Work crews have already disturbed graves says Francis. Historical documents point to burial site being well known.

by Miles Howe

Pictou Landing band members Tonya Francis, Maurina Beadle and 'Jono' Beadle remain at a sacred fire adjacent to the ruptured effluent pipe. They and others claim to have found ancestral graves adjacent to the ruptured pipe and say that contractors are already disrupting ancient grave sites. [Photo: Don Brooks]
Pictou Landing band members Tonya Francis, Maurina Beadle and 'Jono' Beadle remain at a sacred fire adjacent to the ruptured effluent pipe. They and others claim to have found ancestral graves adjacent to the ruptured pipe and say that contractors are already disrupting ancient grave sites. [Photo: Don Brooks]

Last week I reported from a Pictou Landing First Nation (PLFN) led 'blockade' over an effluent pipe that had burst and spilled its contents on an area likely to be a Mi'kmaw ancestral burial ground.
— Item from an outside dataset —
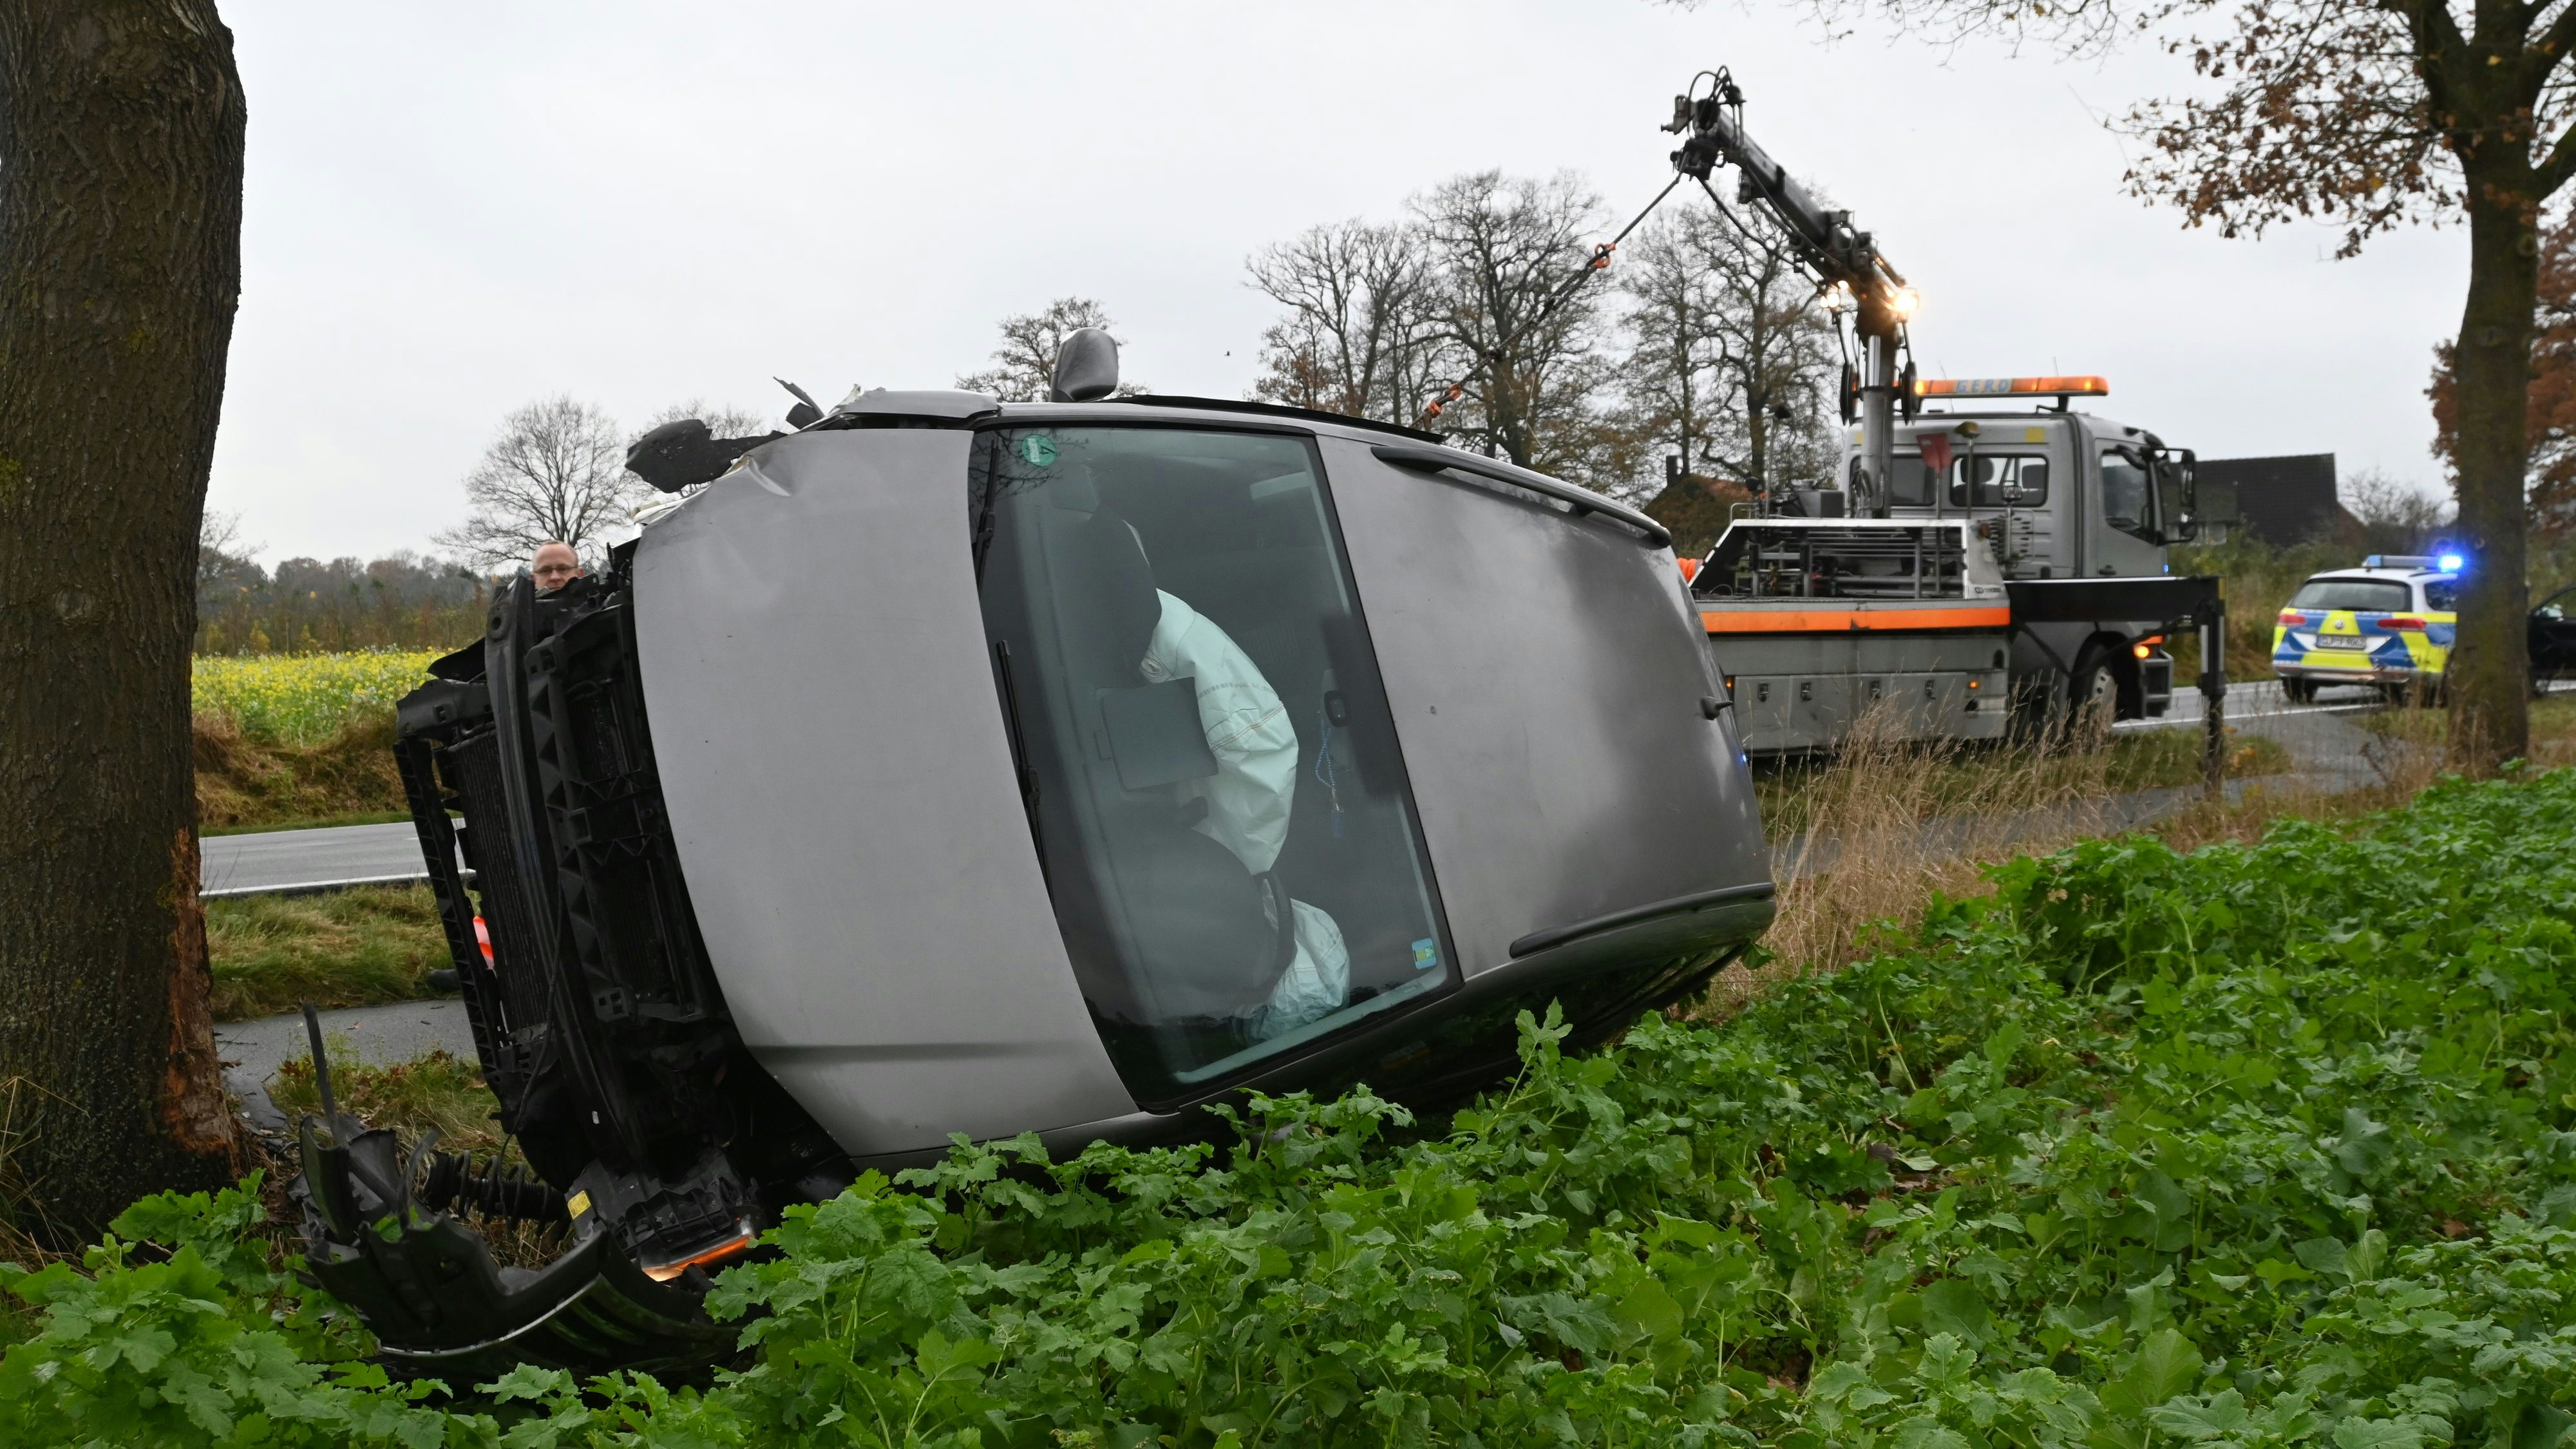 Auf der Seite blieb der Wagen liegen, nachdem er mit einem Baum kollidiert war. Foto: Thomas Vorwerk

In this article I follow up on the story. A group of PLFN band members remain at the scene of the spill. Historical documentation appears to conclusively identify the area of the spill and beyond as a traditional burial ground.

Here is the follow up:

Pik'tuk (Pictou Landing), Nova Scotia - Sitting beside a sacred fire, directly beside a fenced-off, ten foot segment of buried pipe that a gush of tens of millions of litres of raw effluent has exposed to the light of day, sit three members of the Pictou Landing First Nation band. As they have been for the past four days, they are fire keeping; sometimes laughing, sometimes crying, but continuously praying.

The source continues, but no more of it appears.